Research

Constructing and Contesting Knowledge in the Medieval and Early Modern World, MEMSA 17th Annual Conference; Durham University, Durham England

Kellogg Institute Conference Travel Grants
Grant Year
2022-2023

Conference: Constructing and Contesting Knowledge in the Medieval and Early Modern World, MEMSA 17th Annual Conference; Durham University, Durham England

July 17 – July18, 2023

Presentation: “The Formation of African Runaway Communities: A Negotiation Between Christian and non-Christian Knowledge Systems”


Report:

On July 17 th and 18 th 2023, I presented a chapter of my dissertation on African runaway communities near Lima, Peru and Cartagena de Indias, Colombia. During my presentation I considered two realities related to the runaway communities. First, that they were threatening and physically damaging to Iberian political aims and second, that they were not always hostile to state-sanctioned knowledge structures. I explored the reality that in the palenques that emerged in the hinterlands of Cartagena and Lima during the late 16 th and early 17 th centuries African runaways rejected the brutality of Spain’s political violence and oppression but were willing to receive (in the Cartagena examples) or remain silent about (in the Peruvian cases), Catholic teachings.

In these various cases, maroon communities strictly sought to avoid the political domination of their conquerors. Were the historical record discusses religious preferences, the Christian religion was either espoused for subjective or political aims in the peace treaties Africans signed with Spanish officials for recognition of their communities, or, n the Peruvian cases, religious preferences were not a topic that appeared in accounts of the settlements.

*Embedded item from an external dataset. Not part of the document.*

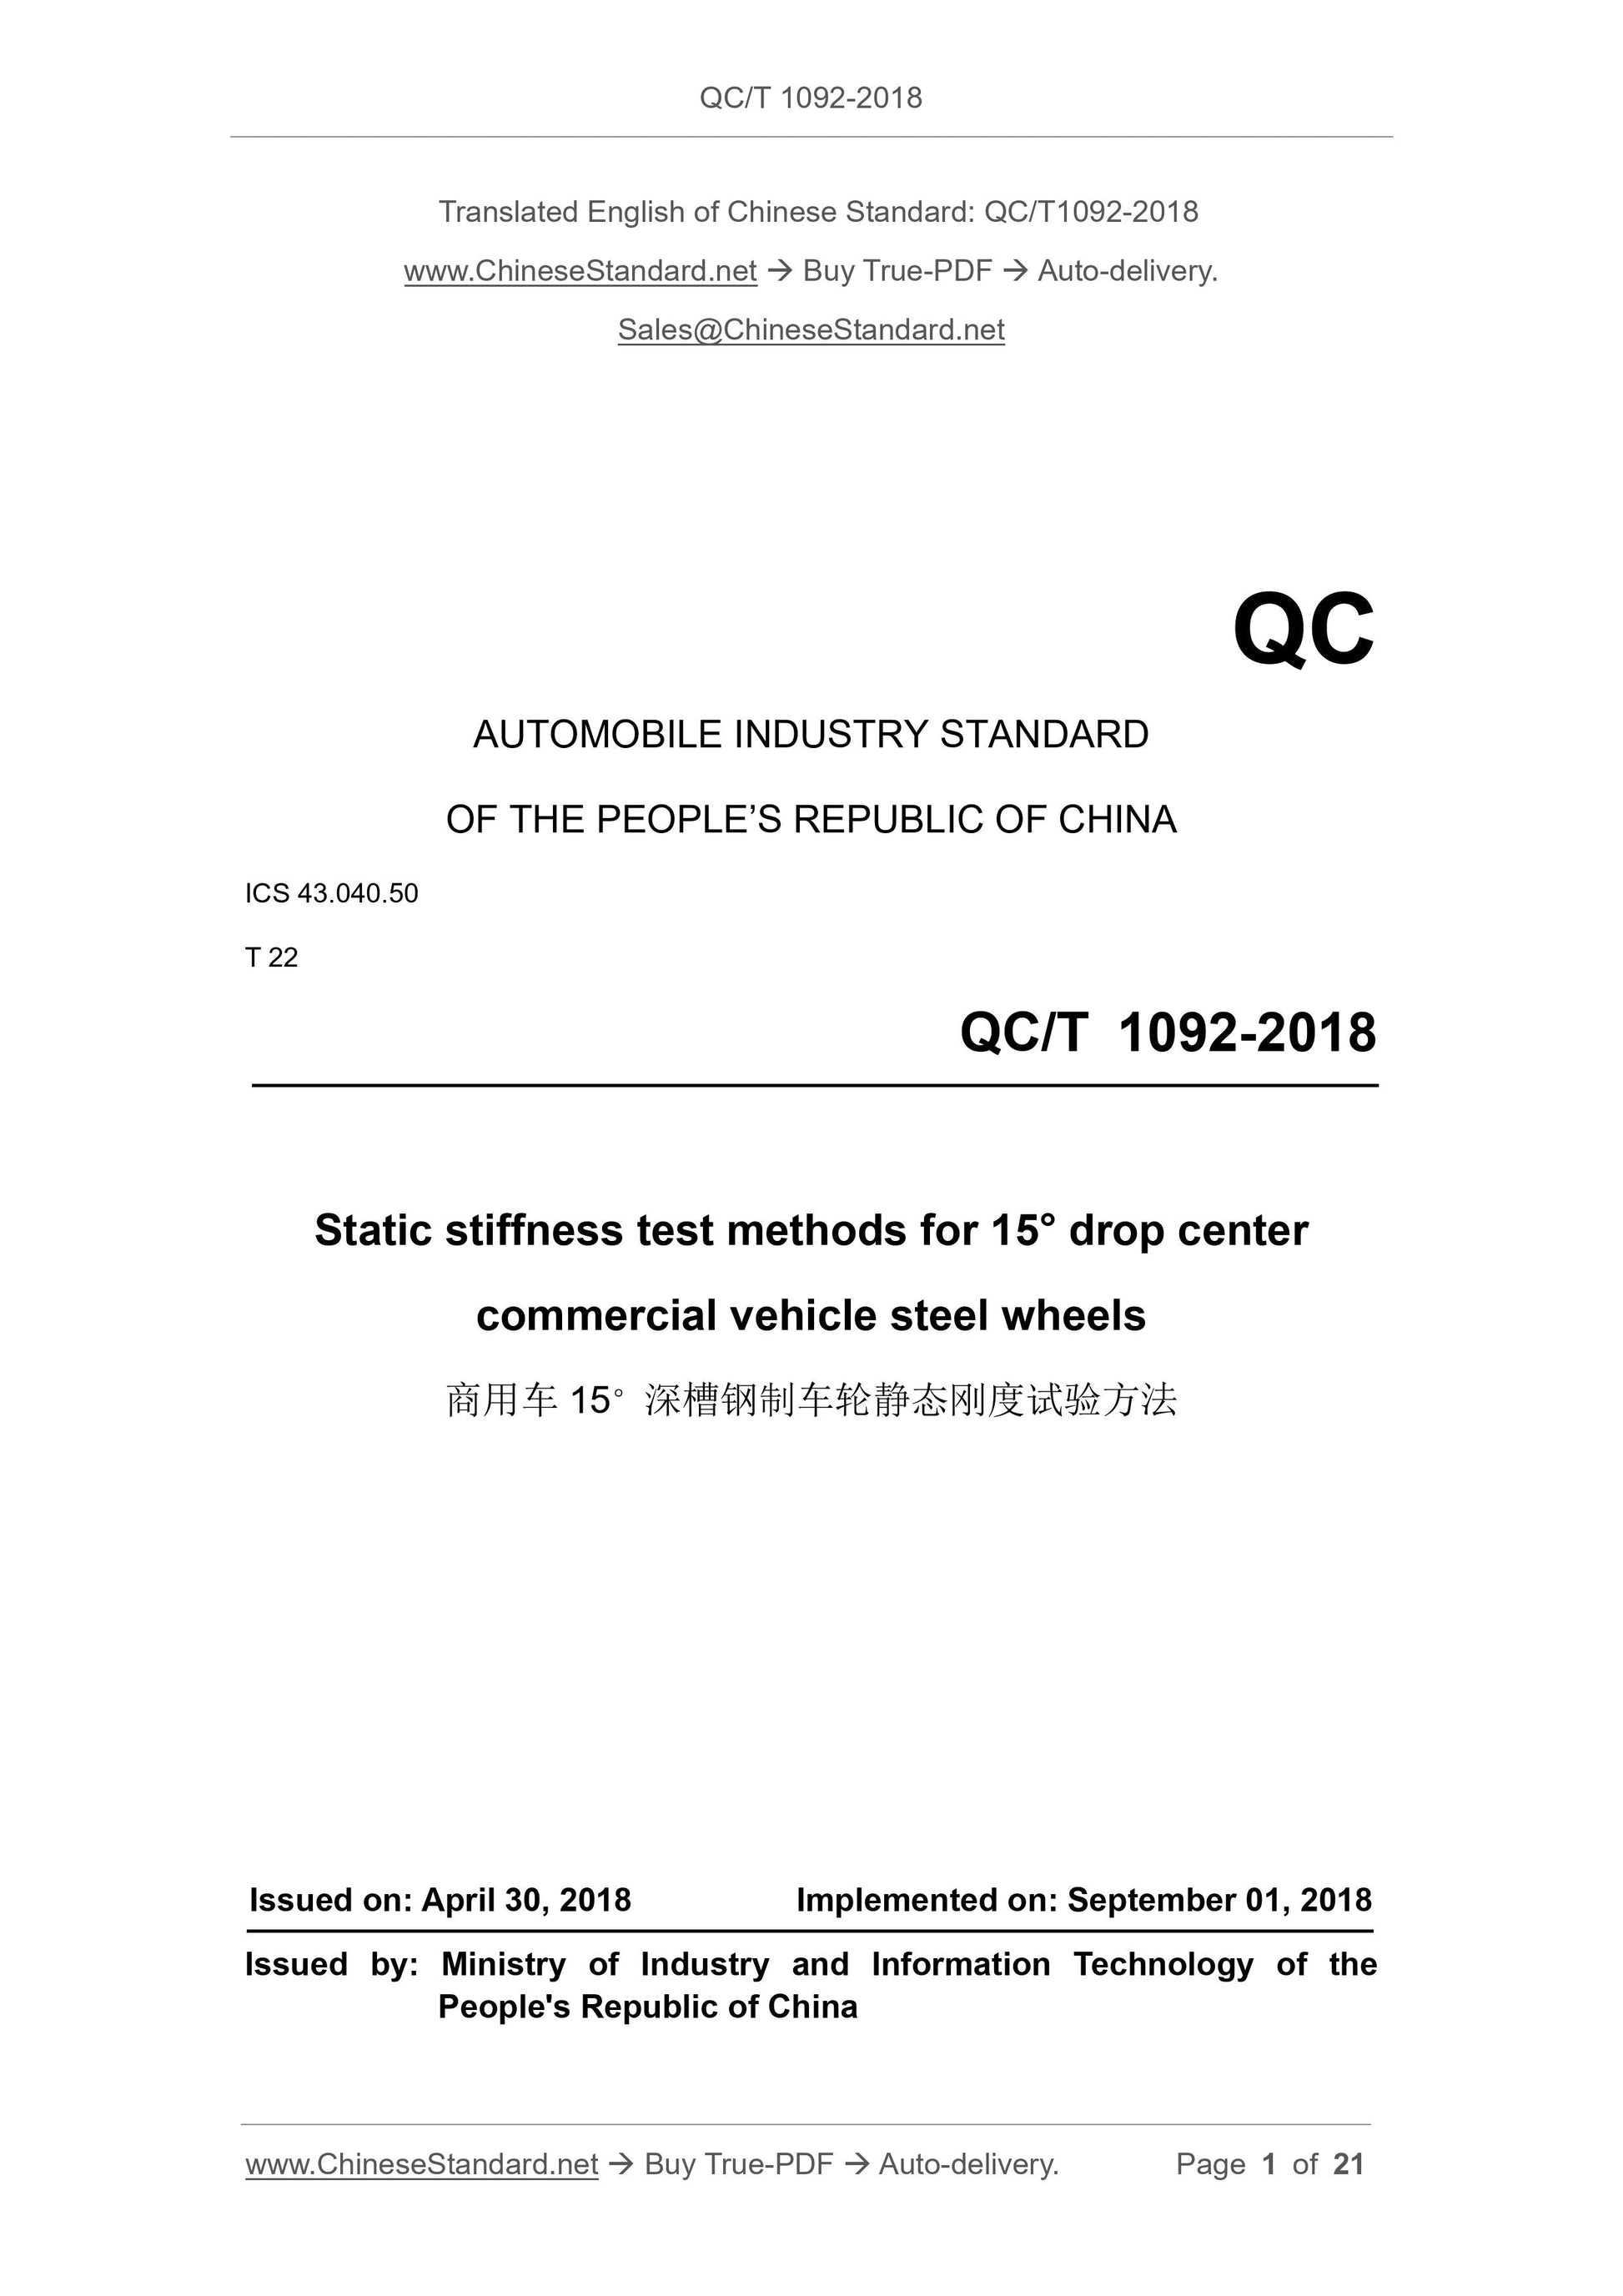 QC/T 1092-2018 Page 1

In Colombia, and most likely in the majority of palenque communities, it was often the case that Africans relied on knowledge structures they had learned in Africa while also appropriating Christian beliefs into their various psychological constructs. One can make the claim that Africans only engaged with Christianity to legitimate themselves before Spanish authorities through non-violent means via mediation by a priest. However, runaways’ decision to adopt those concessions still implied involvement with the Spanish under terms that Africans accepted Further, given the runaways’ consecutive military victories, many palenques might have kept their communities intact without consorting with aggressors. And yet maroon community settlements for peace suggest that many escapees voluntarily sought the religion on the grounds that it aided their social needs or served as a knowledge-based palliative for the community members.

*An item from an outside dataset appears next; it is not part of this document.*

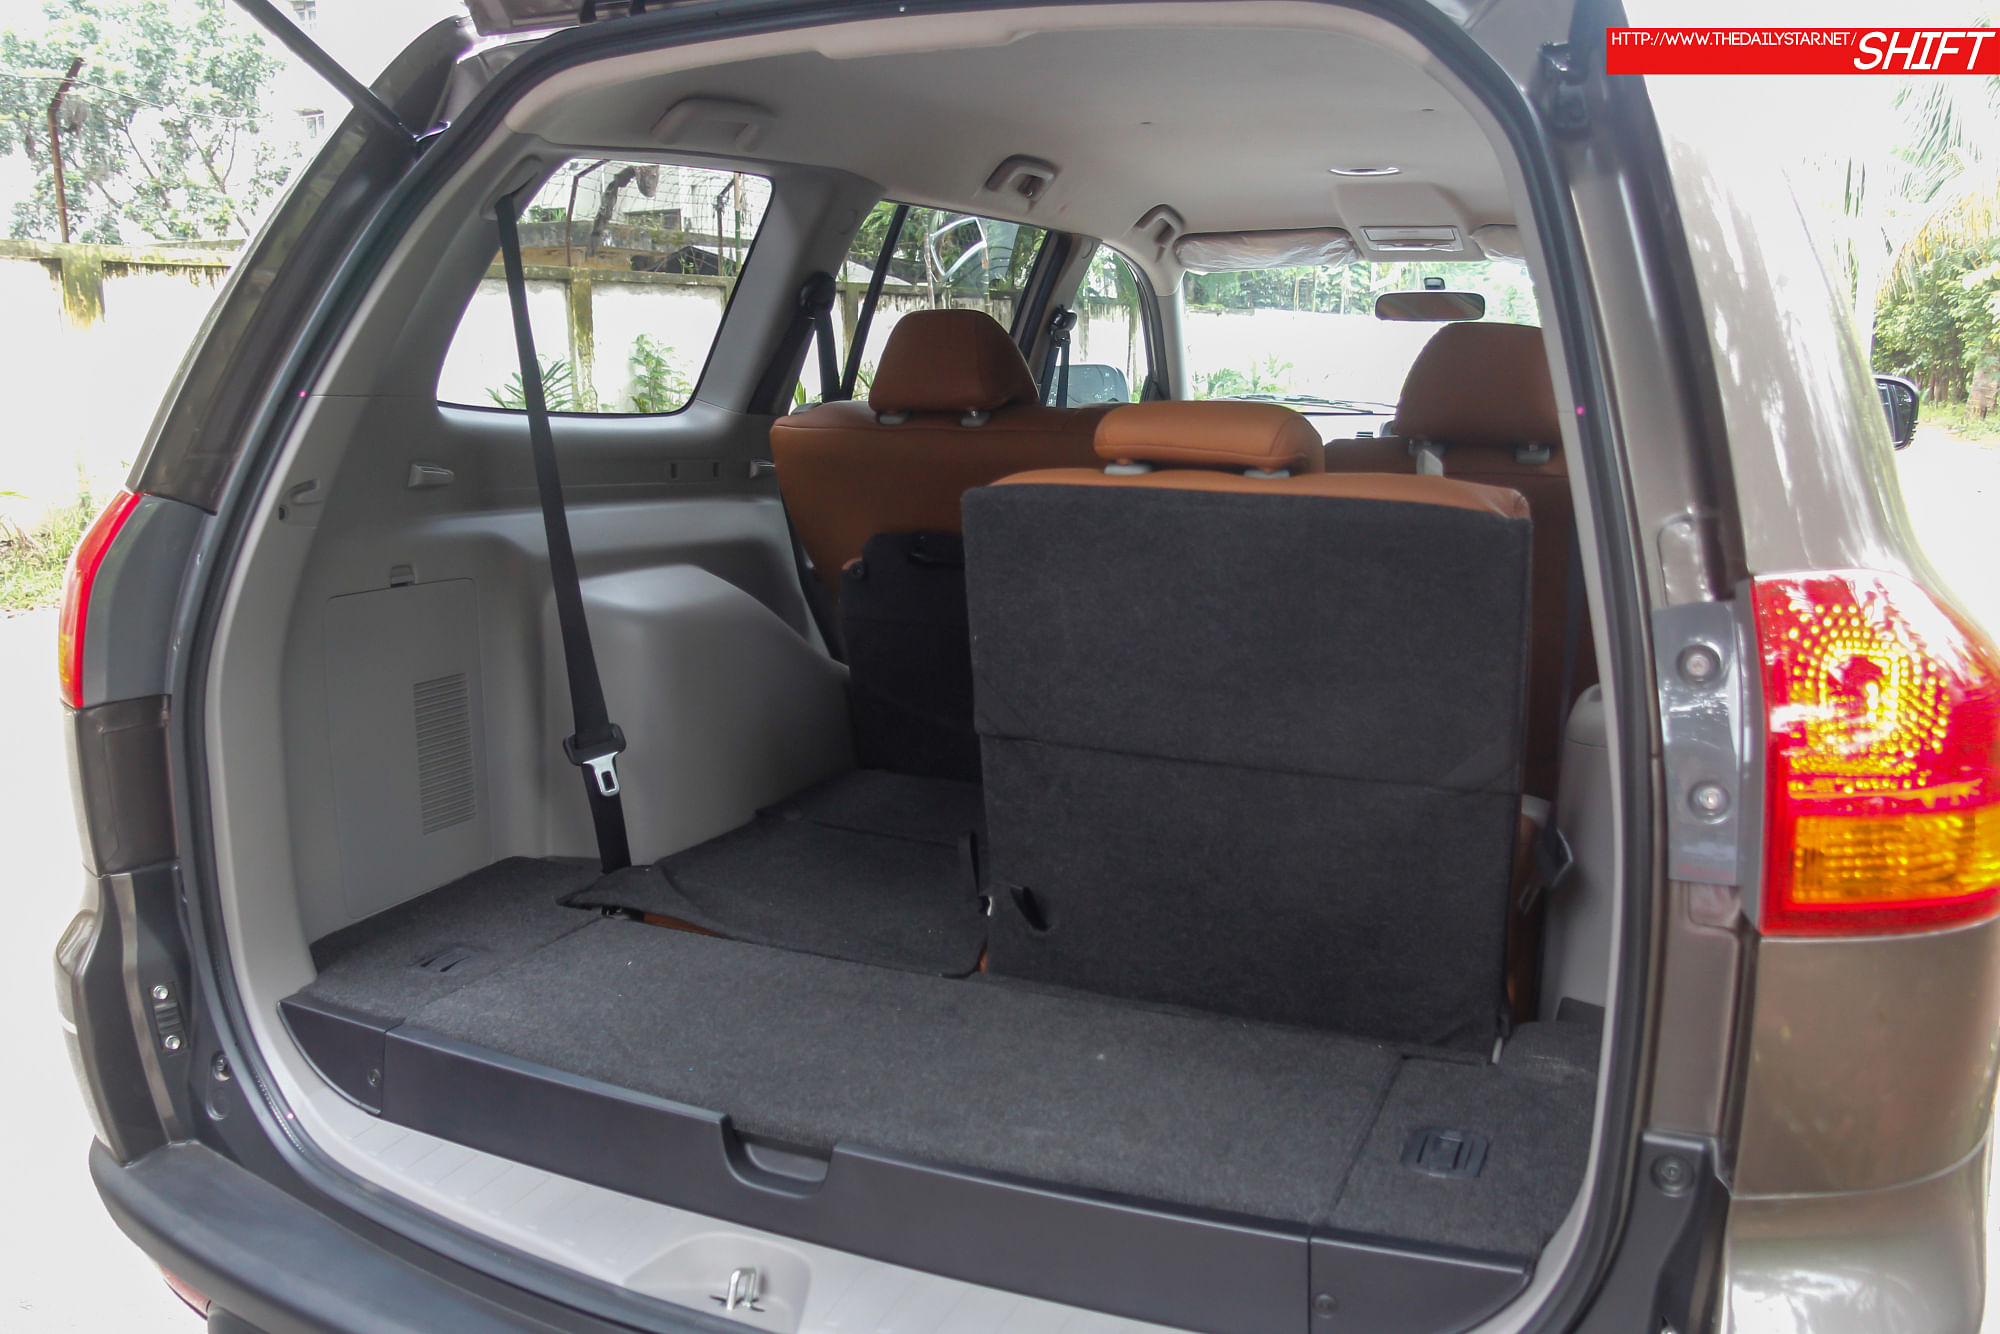 7 seats, rear ones fold down to give massive amount of space for long haul luggage.

After the presentation I attended a panel discussion with Zsolt Györegy of the University of Oslo. The two of us fielded questions related to our papers. Regarding my presentation, audience members were interested in African religion and the other Catholic orders that worked with African peoples upon their arrival to the New World. I described African religion as a knowledge construct that honors ancestors. Religious members attempt to communicate with their dead ancestors through earthly energies found in assorted objects. I described how this process is related to territorial regions and for that reason Africans were able to add Christian conceptions of God given their new geographic reality. I also discussed that while Dominicans, Augustinians and Franciscans were present, and concerned with the evangelization of Blacks in the New World, my work focuses mainly on the efforts of Jesuit missionaries.